Однако афрошвед опомнился и хмуро произнес:
– Оставлю свое мнение при себе.
Гуннарсон знал, что стоит ему броситься на Феллера, как два малозаметных дрона, кружащихся высоко над их головами, его мгновенно пристрелят.
– Правильно: зачем смешить окружающих испражнениями незрелого мозга?
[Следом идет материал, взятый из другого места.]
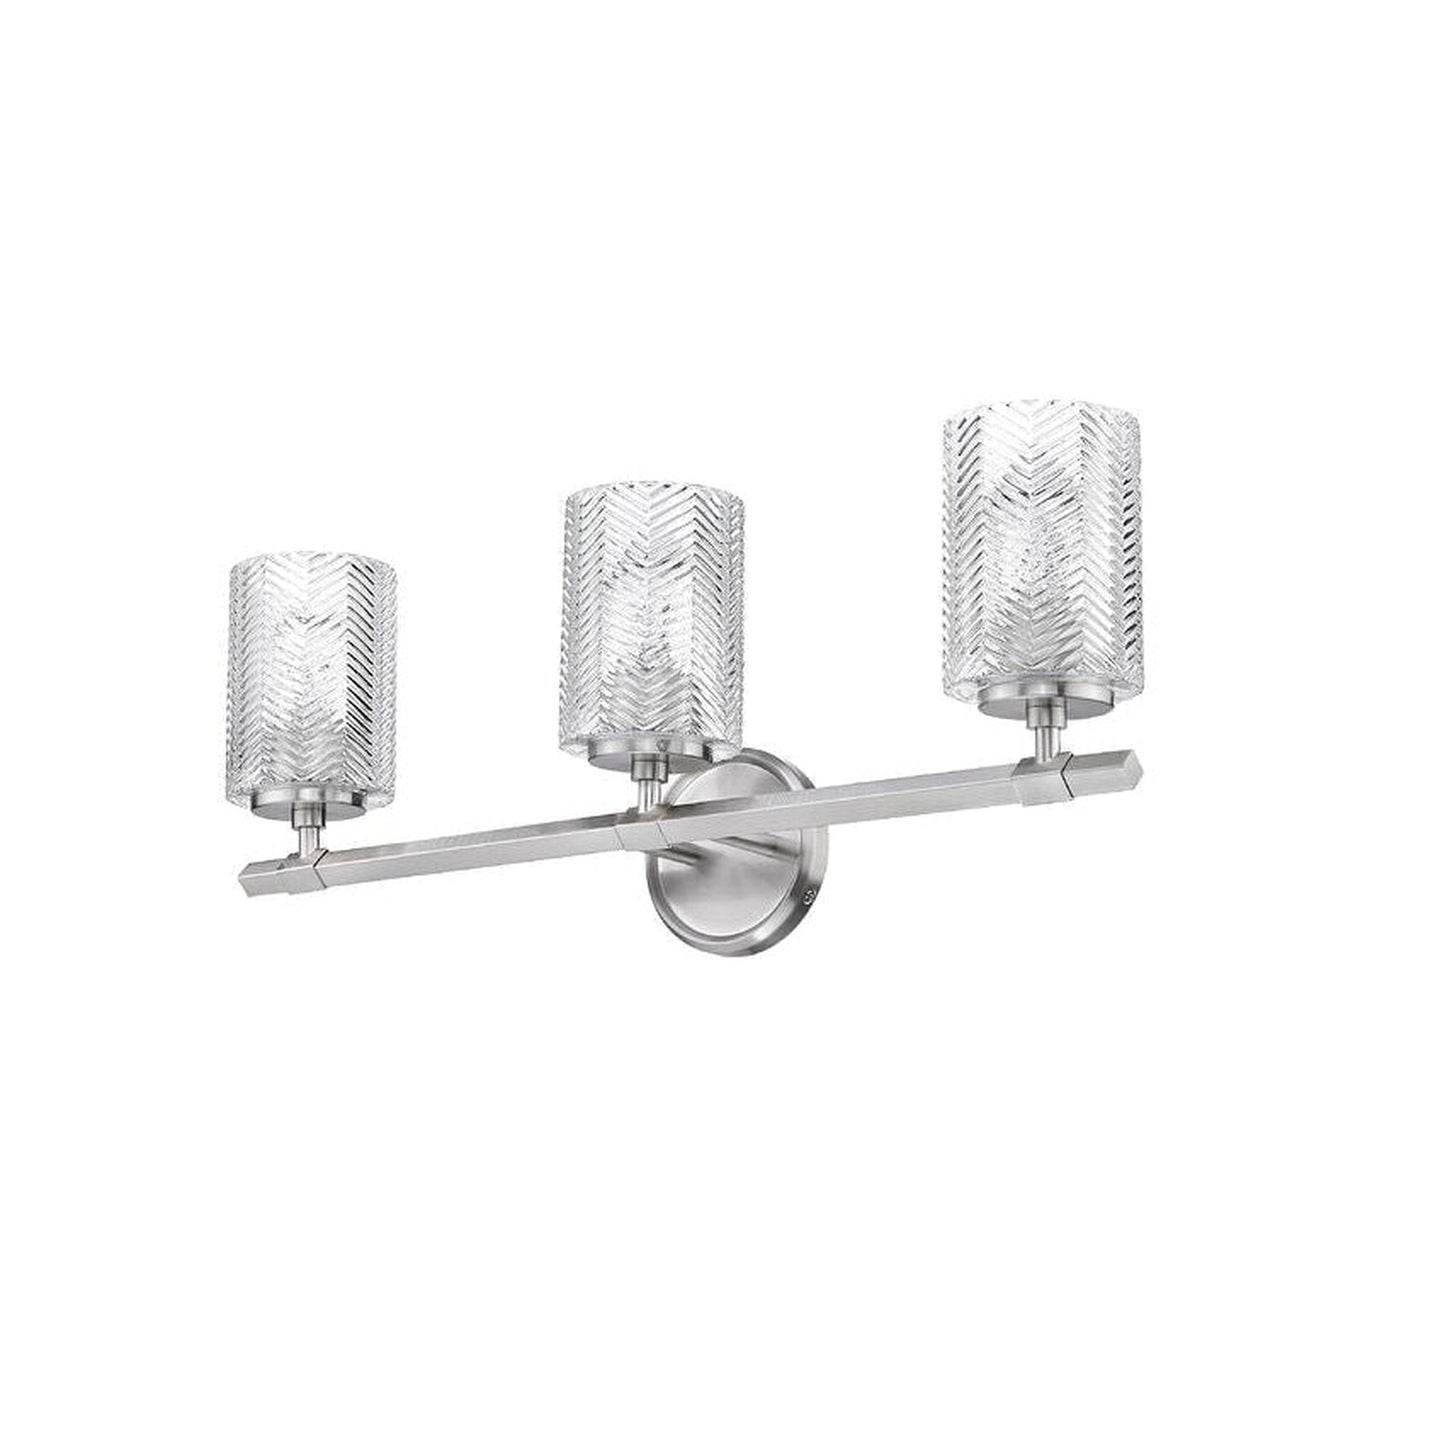 Z-Lite Dover Street 25" 3-Light Brushed Nickel Vanity Light With Clear Glass Shade

А2 отвернулся от Ист-Ривер, облокотился на перила и принялся изучать проезжающие по набережной автомобили. Нью-Йорк всегда считался одним из богатейших городов мира, но такого количества дорогих и красивых автомобилей, как в последние годы, раньше на его улицах не наблюдалось. Показалось, что на набережной идет парад ежегодной выставки, на которую крупнейшие мировые производители представили лучшие модели.
– Вам не удастся вывести меня из себя, – сообщил окончательно успокоившийся афрошвед.
– До сих пор получалось, – тихонько рассмеялся А2. – Правда, я ни разу не довел тебя до взрыва: ты серел от бешенства, сжимал кулаки, но молчал. И никогда не говорил, что думаешь обо мне.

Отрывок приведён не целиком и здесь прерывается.